As a whole, the Direxion Funds' executives are banking on the growth of "alternative" asset classes, which, they said, have been growing four times faster than traditional mutual funds. Moreover, the fund executives want to ride the wave as the leveraged index fund marketplace moves beyond its initial stages and goes more mainstream.
The firm hopes to have 50 funds by year-end 2006 and grow assets to as much as $4 billion within the next 18 to 24 months.
If the leveraged fund marketplace is growing, it isn't showing up in flows of assets from retail investors, said Andrew Clark, senior research analyst at Lipper of New York. "These will remain institutional vehicles," he predicted. "We're not seeing any strong retail flows into these products."
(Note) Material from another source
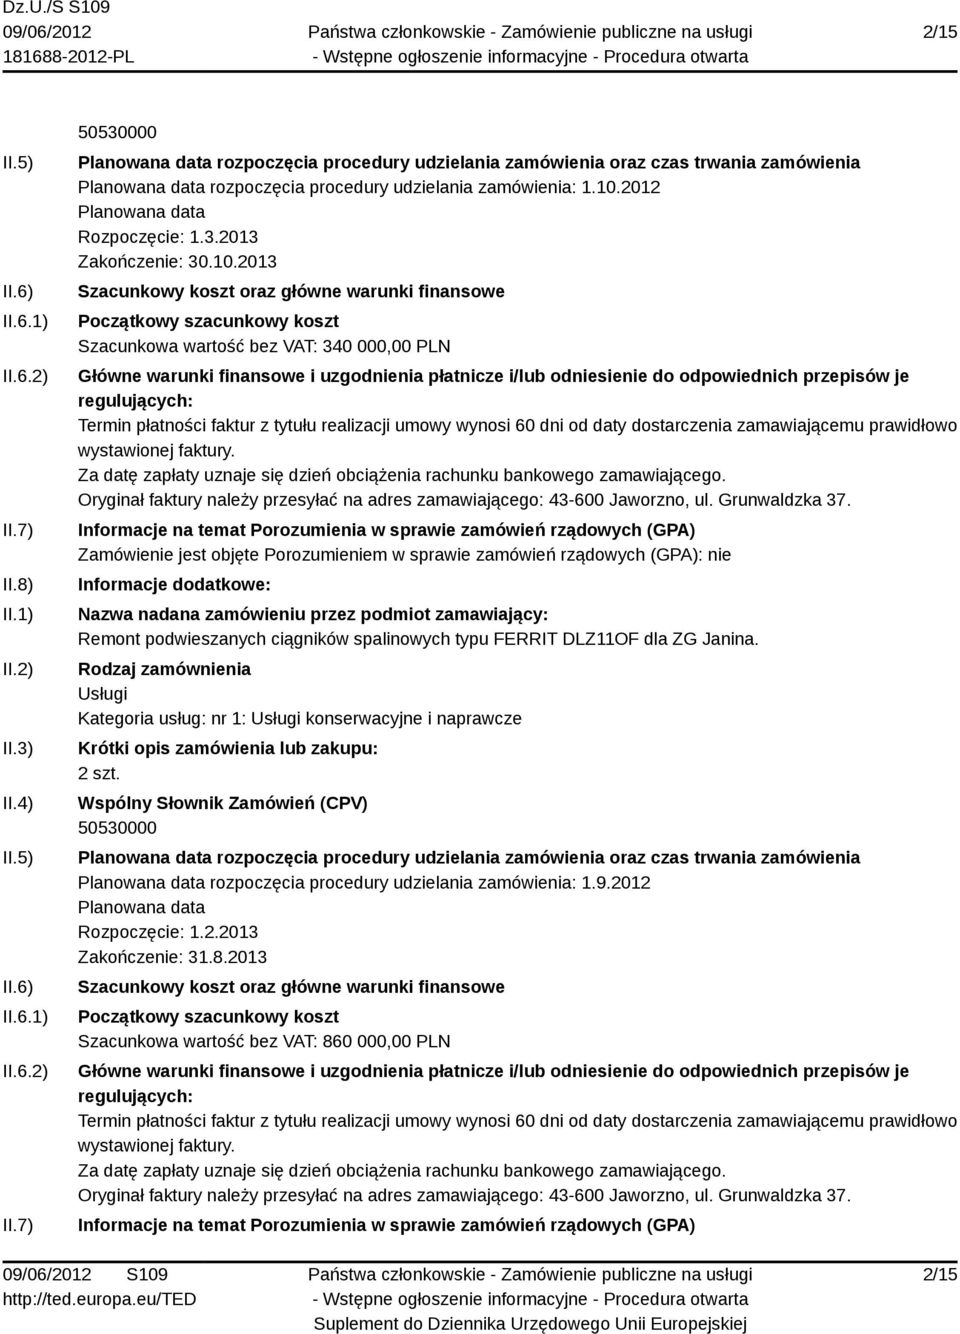 2013 Szacunkowa wartość bez VAT: 340 000,00 PLN Remont podwieszanych ciągników spalinowych typu FERRIT DLZ11OF

Direxion Funds is not the only fund shop changing names, if not brands. Eighteen of Rydex's leveraged index funds just underwent name changes to make their underlying investment strategies more apparent. Effective May 1, Rydex dropped the Latin and Greek monikers on funds, such as Mekros and Artkos, in favor of more conventional names that indicate the underlying benchmark, including the newly renamed Rydex Russell 2000 Advantage Fund and Rydex Inverse OTC Fund. Funds whose objective is to leverage movements in the index by two times will include the name "dynamic," while funds whose objective is to leverage their underlying index by less than two times will assume the "advantage" moniker. Thus, the Rydex Titan 500 Fund, which seeks to outdo the S&P 500 index by two times, will become the Rydex Dynamic S&P 500 Fund.
Kevin McGovern, vice president of business development at Rydex, said the new names will be less confusing to advisers and easier for them to explain to clients.